East Asia Ten Years after the Crisis

"East Asia responded to its large current account deficits ten years ago by letting its exchange rates depreciate."

In July, the countries of East Asia will be observing the 10th anniversary of the great financial crisis which engulfed the region at that time.

The crisis resulted from three factors. The region had enjoyed a long period of stable exchange rates which encouraged local companies to borrow heavily in U.S. dollars. Some countries had investment ratios to GDP exceeding 40% and thus ran large current account deficits. There was so much confidence about the future that there was a significant overinvestment in real estate development in some countries (Thailand, Malaysia) and heavy industry in others (Korea).

The crisis began in Thailand because global investors became alarmed during early 1997 about the risk of sharply increasing non-performing loans among Thai banks and finance companies. They sold the baht aggressively and forced Thailand to devalue in July. The devaluation of the baht then triggered a wave of selling against the Malaysia ringitt and the Indonesian rupiah. The local central banks attempted to resist the selling pressure but they were reluctant to raise interest rates sharply because their corporate sectors were highly leveraged as a consequence of the preceding boom. The financial contagion intensified and spread to Taiwan and Korea during the autumn. Korea was forced to join Thailand and Indonesia in seeking an IMF program in order to restore confidence in its financial system.

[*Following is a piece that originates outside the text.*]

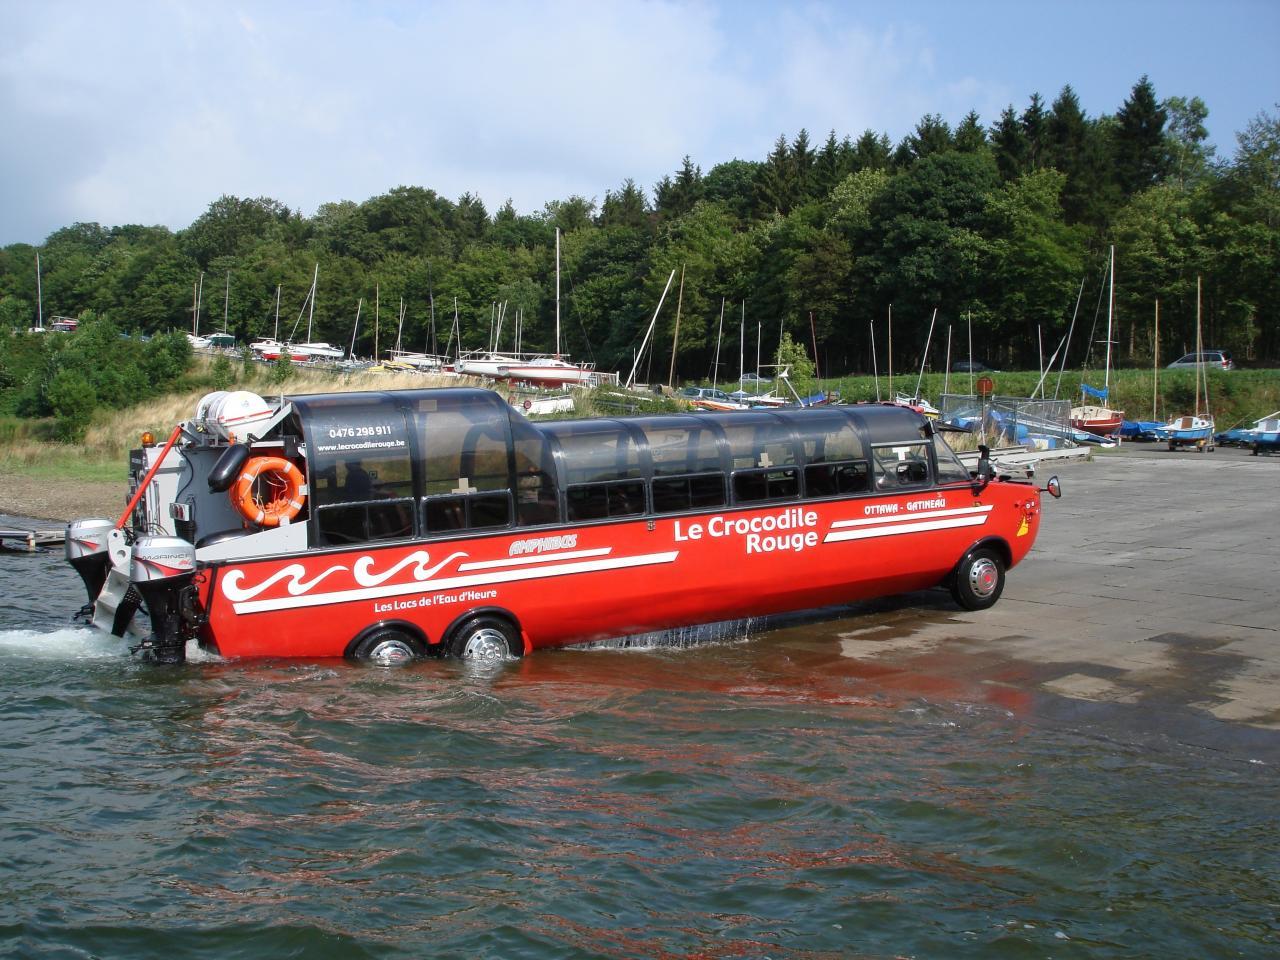 Rallye club balade des lacs de l eau d heure complet - Barrage de l odeur ...

There have been several legacies from the crisis of 1997-1998. First, the IMF now puts much greater emphasis on monitoring private sector financial developments than it did ten years ago. The East Asian crisis had not resulted from large government deficits or permissive monetary policy. It had resulted from poor banking regulation and significant overleveraging of private companies with dollar debt. Secondly, East Asian countries have been pursuing cautious macroeconomic policies since the crisis and are now generally running current account surpluses. Excluding China, their investment shares of GDP are typically 10-15% below the levels which prevailed before the crisis. They have accumulated over $3 trillion of foreign exchange reserves and have played a major role funding the American current deficit since 2000. Thirdly, the East Asian countries have launched new experiments in regional financial and economic cooperation. There are now regular meetings of finance ministers and central bank governors in the region. The Asean plus three countries have established a network of potential swap agreements to protect local currencies in the event of a crisis. East Asian countries are now moving towards a regional free trade agreement and have pursued numerous bilateral FTA’s with Japan, the U.S., India, and Australia.

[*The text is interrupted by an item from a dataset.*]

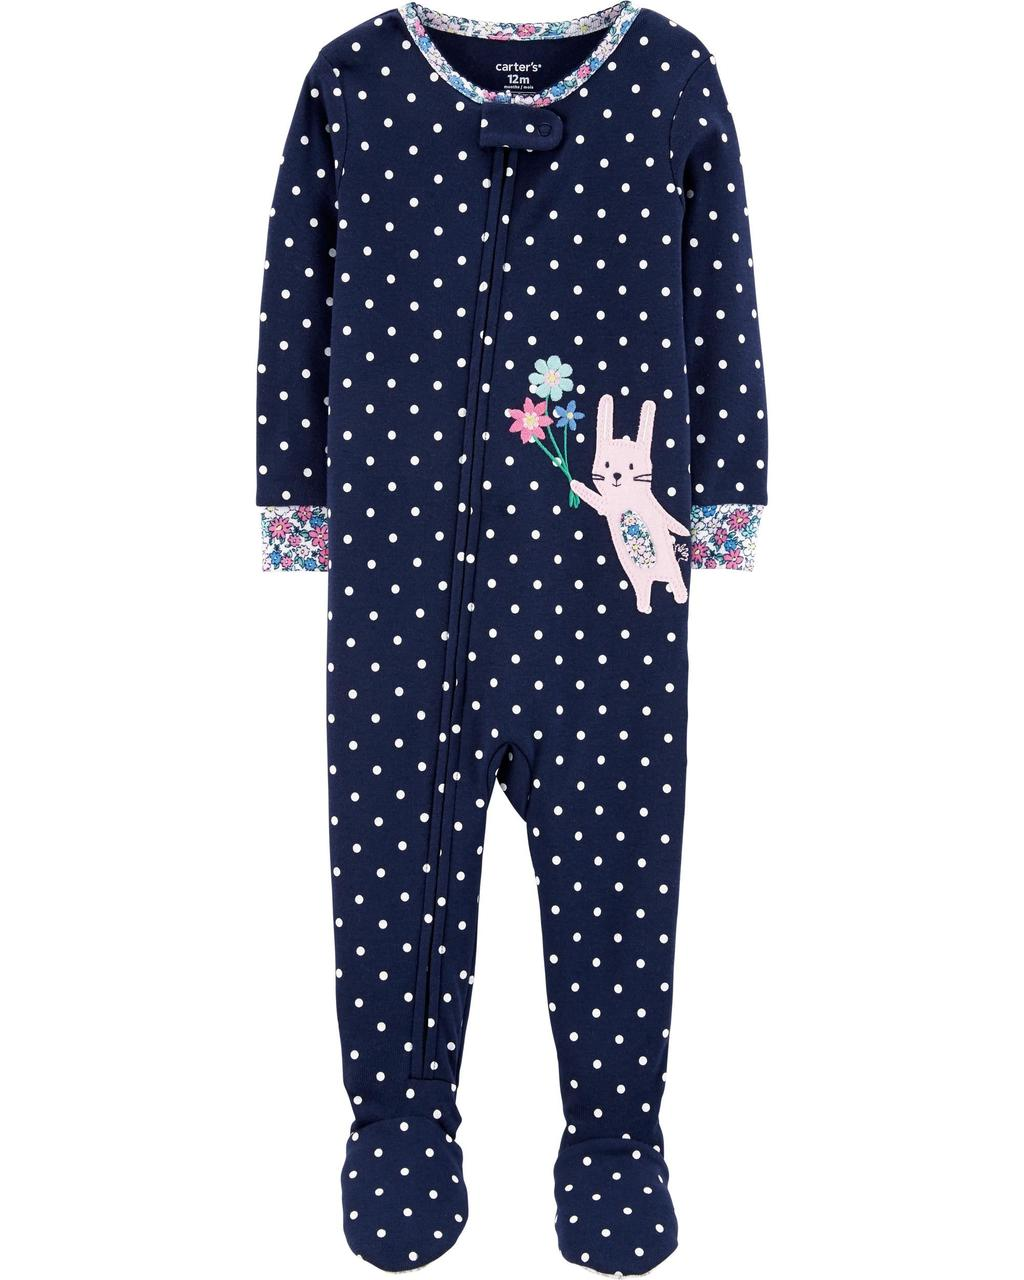 Пижама Carter's темно-синяя 18m(78-83cm) (250/569)

The major geopolitical change since the crisis has been reemergence of China as a great economic power and one of the world’s leading export nations. China’s nominal GDP now exceeds $2.5 trillion dollars, China’s investment share of GDP has risen to 48% and Chinese exports will soon exceed one trillion dollars. As a result of its high savings rate, China is also running a current account surplus approaching 10% of GDP despite its high level of capital spending. China offered financial assistance to its neighbors during 1997 and did not magnify the financial contagion by devaluing its currency. But it did not play any role in shaping the policies of the IMF in responding to the crisis. China is now playing an active leadership role promoting new regional free trade agreements and other forms of economic cooperation. China also has such immense foreign exchange reserves that she could easily provide financial assistance to any Asian country experiencing balance of payments problems. As a result of China’s rise, it is doubtful that the IMF will ever again play a leadership role in East Asia.

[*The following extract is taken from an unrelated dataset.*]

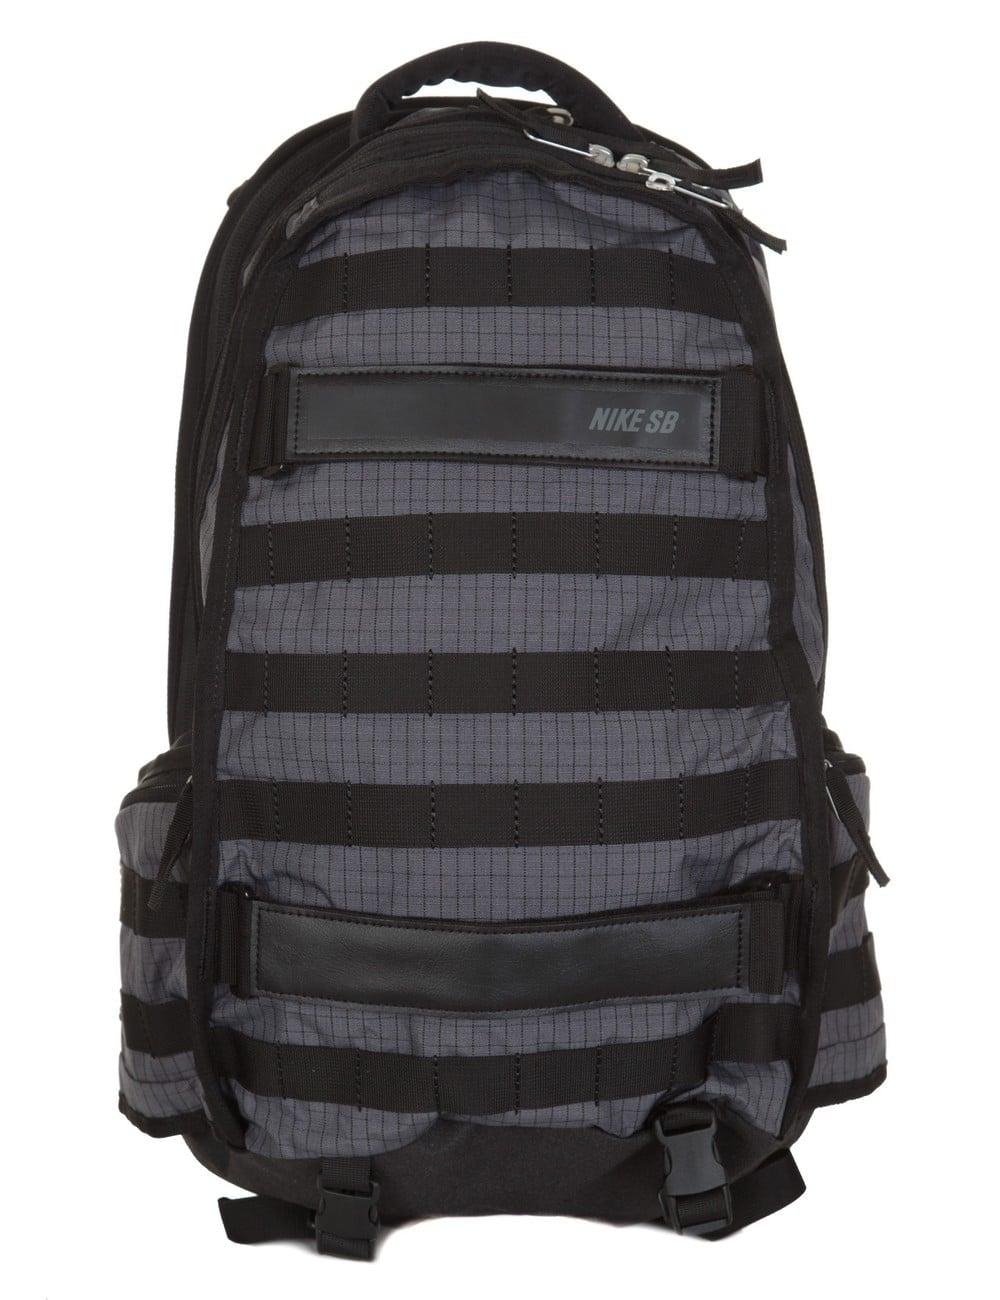 39d215a6f3 Nike SB RPM Backpack - Dark Grey Black - Bag Shop from Fat Buddha ...

East Asia maintained market oriented economic after 1998 despite the sharp rise in poverty and unemployment which occurred as a consequence of the crisis. The new challenge facing East Asia will be to help sustain market oriented policies in the U.S. The Democratic takeover of the American Congress has greatly increased the risk of protectionism. Protectionism is a danger for East Asia because its export share of GDP is 55% compared to a global average of 28%. The role of intraregional trade has grown from 25% of exports in 1985 to 37% in 2005. But the dominant factor driving regional trade has been the export of intermediate goods from smaller Asian countries to China for the production of finished goods to sell in North America and Europe. As a result of this vertical integration process, China has a large trade surplus with North America and Europe while running trade deficits with Taiwan, Korea, Japan, and Asean. China accounts for only 6.4% of final demand in East Asia compared to 25% for the U.S.

The Democrats have turned protectionist because their voters are concerned about manufacturing job losses and growing income inequality. East Asia responded to its large current account deficits ten years ago by letting its exchange rates depreciate. It must now respond to the dangers posed by America’s burgeoning current account deficit and protectionism in the U.S. Congress by letting its exchange rates appreciate.